After Facebook Privacy Scandal, Capitol Hill Turns Eye to Privacy Matters

After Facebook Privacy Scandal, Capitol Hill Turns Eye to Privacy Matters

In terms of companies protecting citizen data, we have a long ways to go.

In the final installment of the House IT subcommittee’s three-part hearing series on artificial intelligence, two particular topics were discussed more than before: the privacy of citizen data and the importance of measuring AI capabilities.

The hearings began in February with industry experts suggesting the U.S. invest more in AI research. At the Subcommittee on Information Technology's second hearing in March, government officials testified about their agency current use of and funds for AI and AI research amid recent budget proposals.

The last hearing on April 18 welcomed AI experts from nonprofits and academia, and the conversation went beyond investments and fundings to the AI responsibilities of both government and industry.

So, considering the Facebook-Cambridge Analytica affair and recent data breaches, Rep. Robin Kelly, D-Illinois, had questions about AI systems’ use of personal data and how to preserve citizen privacy.

The consensus? In terms of companies protecting citizen data, we have a long ways to go. In his testimony, Ben Buchanan, a postdoctoral fellow at the Science, Technology, and Public Policy Program at Harvard Kennedy School’s Belfer Center for Science and International Affairs, provided technical approaches that can mitigate this problem.

Privacy

Technology can’t replace policy, but innovations like differential privacy can ensure a particular individual’s data is obscured while retaining a data set’s value. This works by adding “statistical noise” to a particular person’s data, but the validity of data in the aggregate remains, according to Buchanan.

Another tactic is on-device processing, which brings the AI system to the user, rather than bringing the user’s data to an AI system central repository.

These are recent positive technical developments that need more research but are very promising and too infrequently deployed. So, why aren’t companies using these strategies?

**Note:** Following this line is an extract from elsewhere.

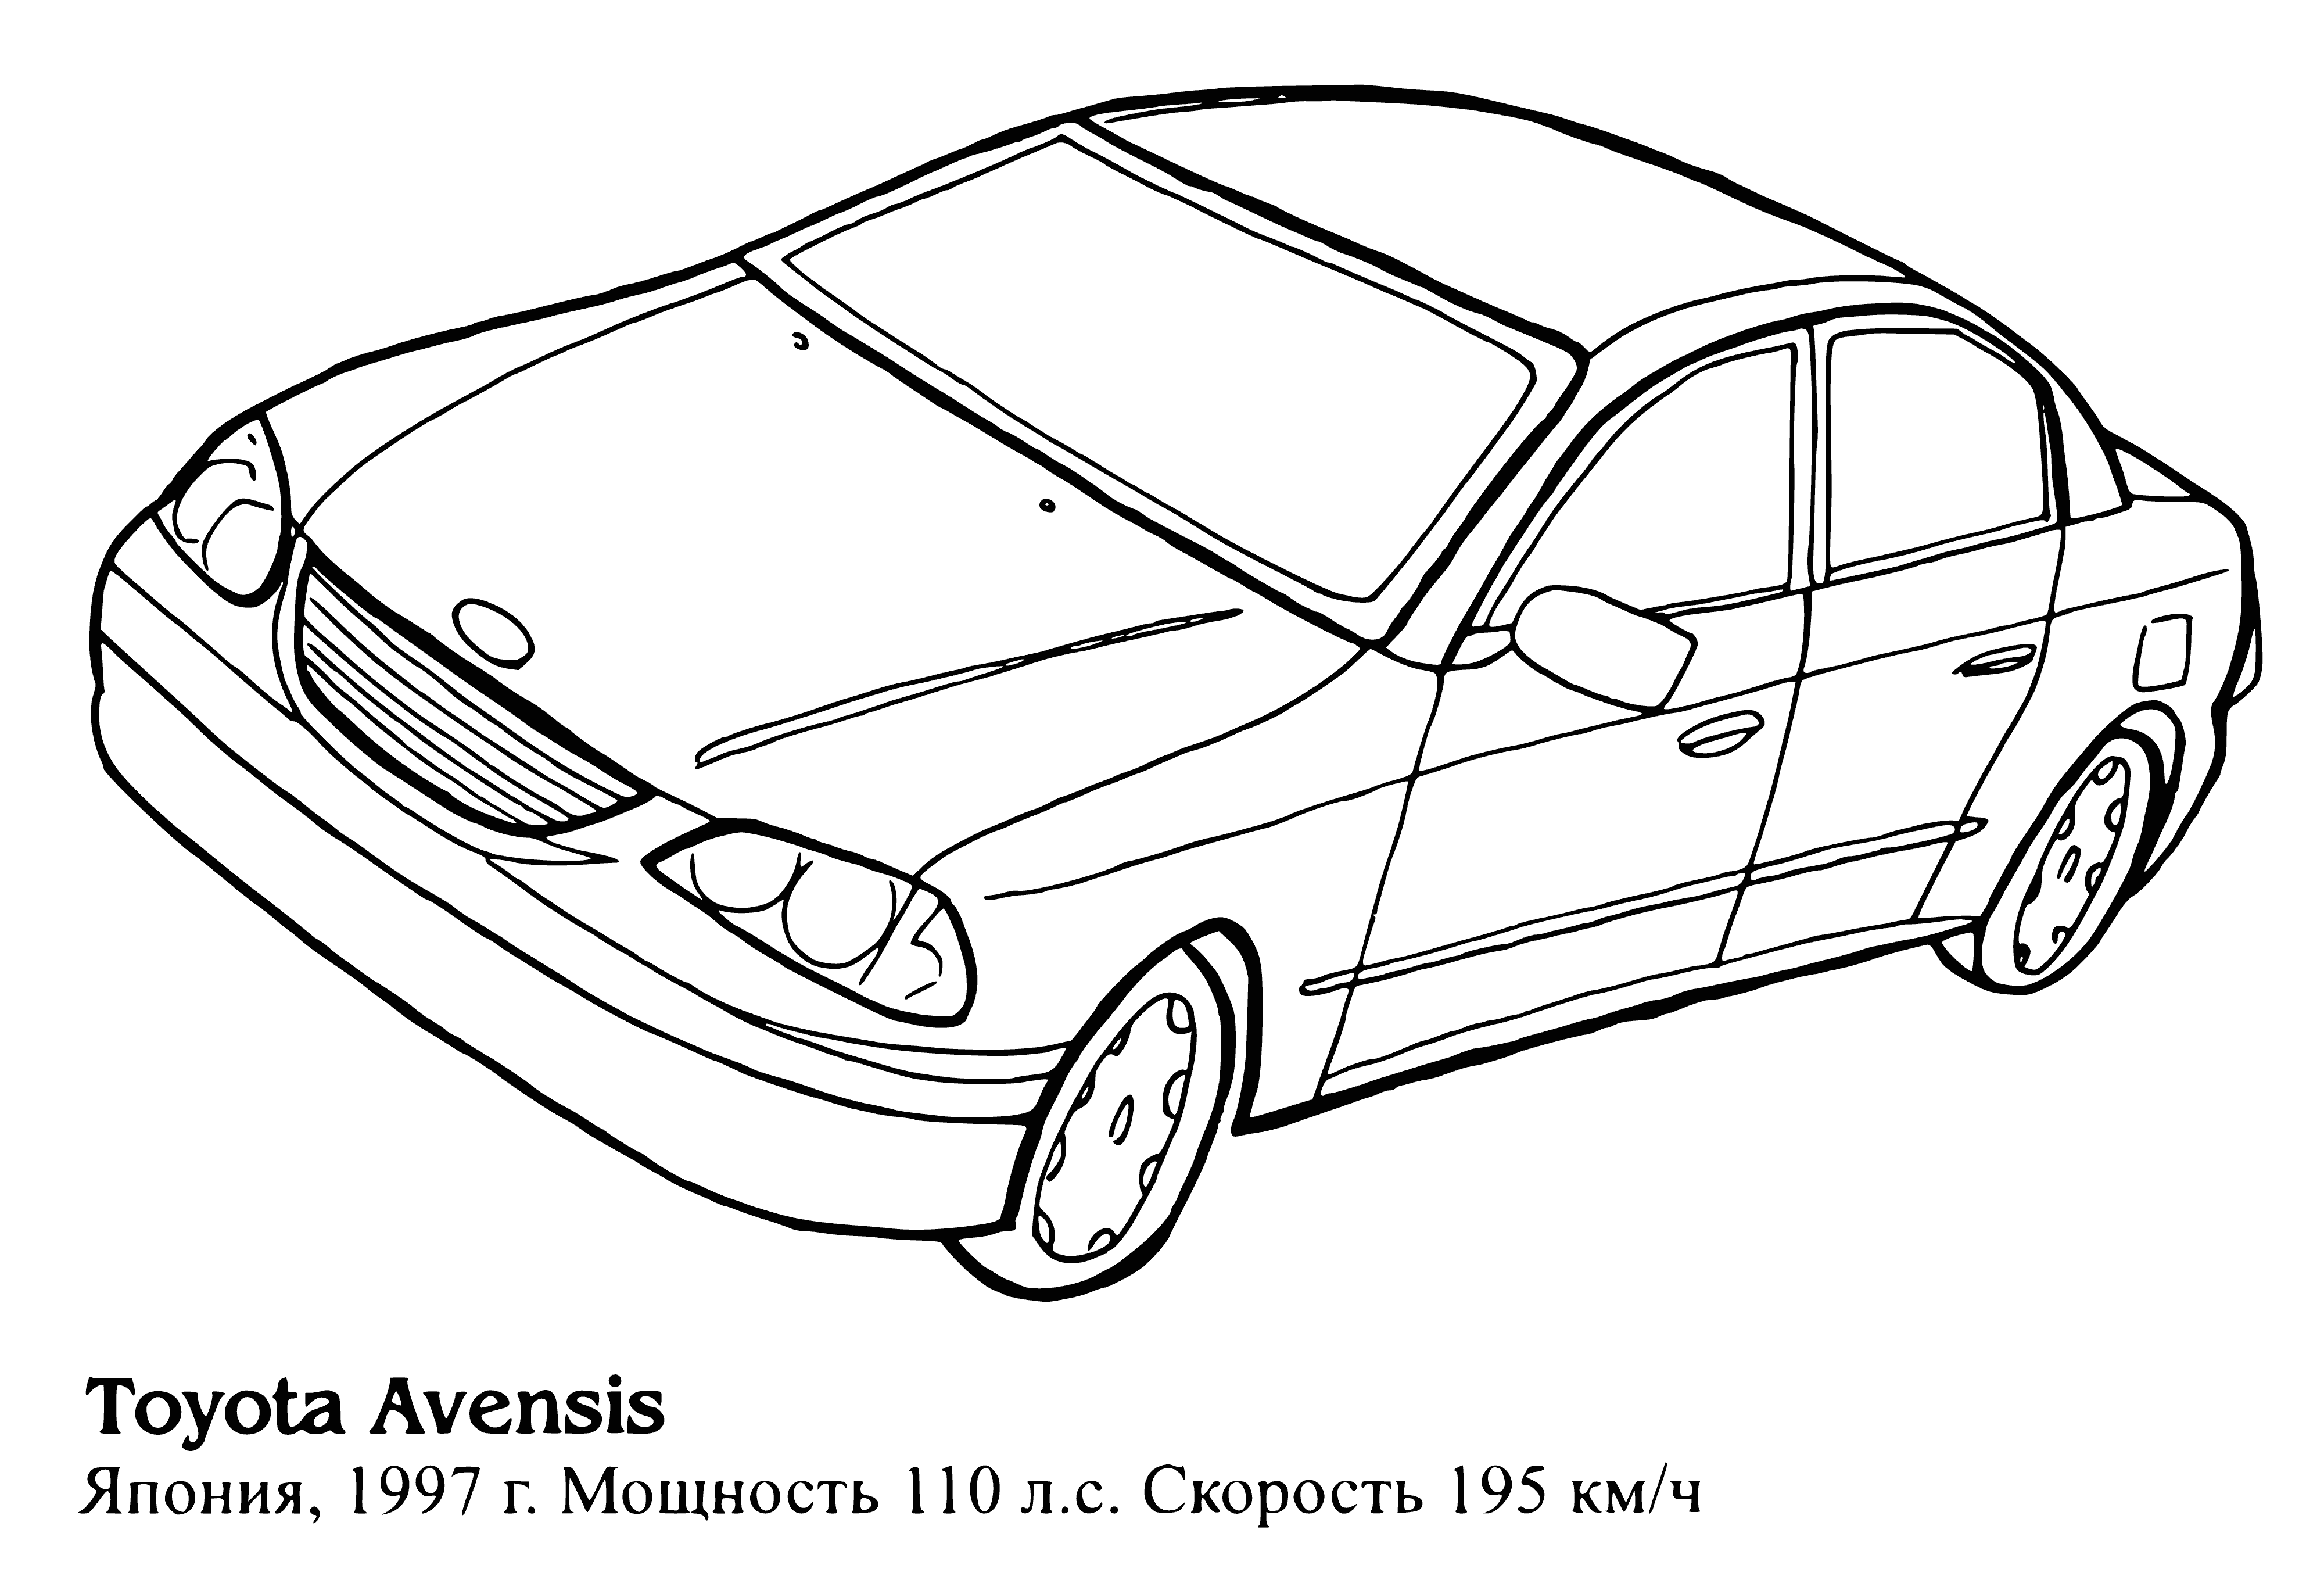 Toyota Avensis boyama sayfası

As a matter of practice, “they require enormous technical skill to implement,” Buchanan said. “I think some companies want to have the data, want to aggregate the data and see the data, and that's part of their business model.”

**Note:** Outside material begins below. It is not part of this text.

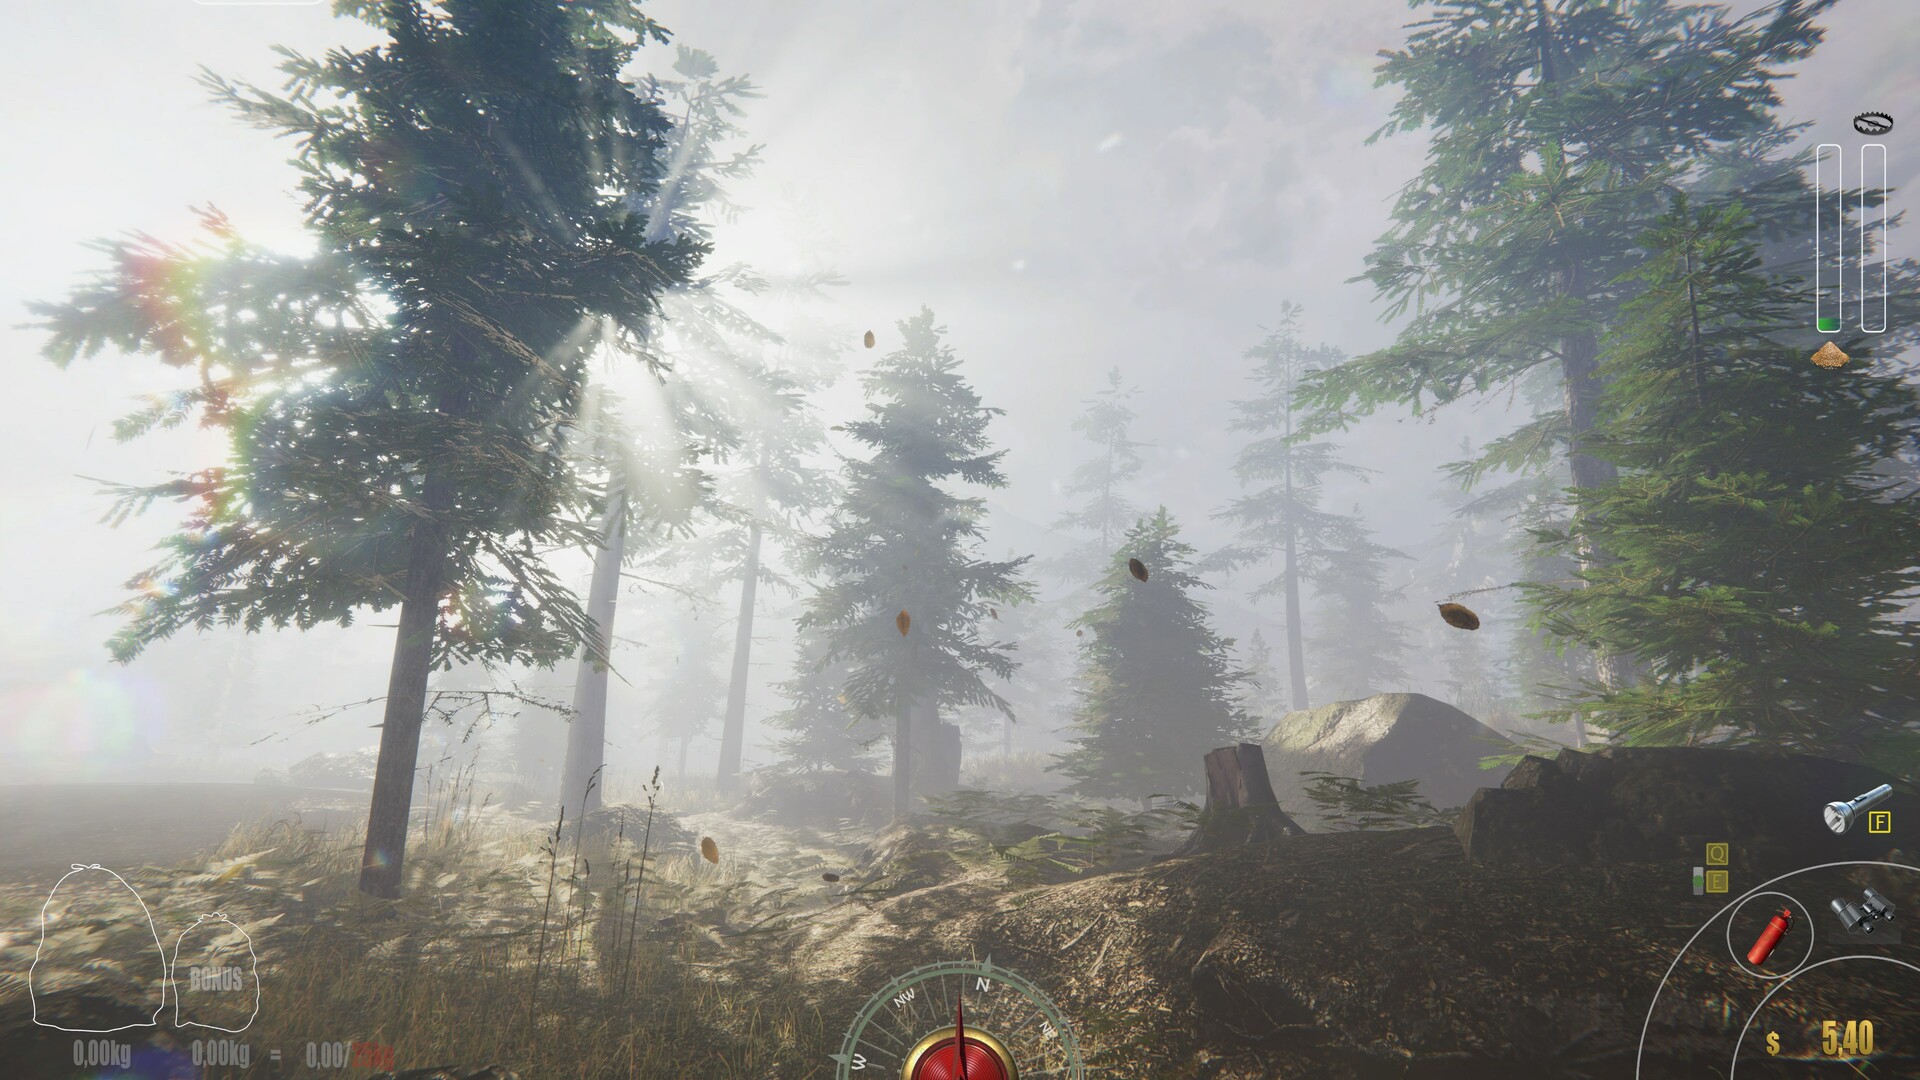 模拟经营游戏《森林管理员模拟器》试玩Demo现已上线

There’s also an “enormous demand” for people with the technical skills required to build and secure these systems, and that demand hasn’t yet been met.

When asked how Congress can encourage AI companies to use and adopt more stringent safeguards for protecting consumer personal data, Buchanan referred to fellow panelist and director at OpenAI Jack Clark’s remarks on the importance on measurement.

“This is an area that I would like to know more about and measure better. How are American companies storing, securing and processing the data on Americans?” Buchanan said. Considering measurement is a topic of interest to the subcommittee, as its chairman, Rep. Will Hurd, R-Texas, mentioned, Buchanan said this would be a good place to start.

Measurement

“We must measure the progress and capabilities of AI to guide effective policymaking,” Clark said.

The use of AI in cyber will lead to more effective and targeted cyberattacks, and will more likely exploit vulnerabilities in AI systems.

“You can think of AI as something that we’re going to add to pretty much ever aspect of technology,” Clark said, adding power and capabilities.

Doing so will make U.S. defenses better, but Clark said it’s not clear yet whether this favors the defender or the attacker, and that’s where competitions come in.

“Hosting competitions, having government measure these capabilities as they develop will give us a kind of early warning system,” Clark said. If something bad is going to happen as a consequence of an AI capability, the government should know about it beforehand.

“I’d like an organization or an agency to be telling us about that,” Clark added. This is an opportunity to learn in an unprecedented way about the future before it happens, in order to make the appropriate regulations before harm occurs.

Clark refers to competitions like the Defense Advanced Research Projects Agency’s Cyber Grand Challenge initiative in 2016 to create advanced, automatic defensive systems, and the Defense Innovation Unit Experimental xView Detection Challenge (and data release) to develop new solutions for national security and disaster response.

Challenges like these, especially in the realm of robot manufacturing, drone navigation and predictability of AI systems, can “catalyze progress which would lead to commercial innovations and an increase in the robustness and usability of the technology,” Clark said.

He recommend the U.S. fund and encourage agencies to host more competitions in these areas, because a multitude of governmentwide competitions can spur innovation and AI predictions. Every agency has its focus areas and awareness of threats and challenges the private sector does not.

Hurd said the subcommittee will release a summary of what it has learned from this AI hearing series in the coming weeks, outlining steps that should be taken to responsibly help drive AI.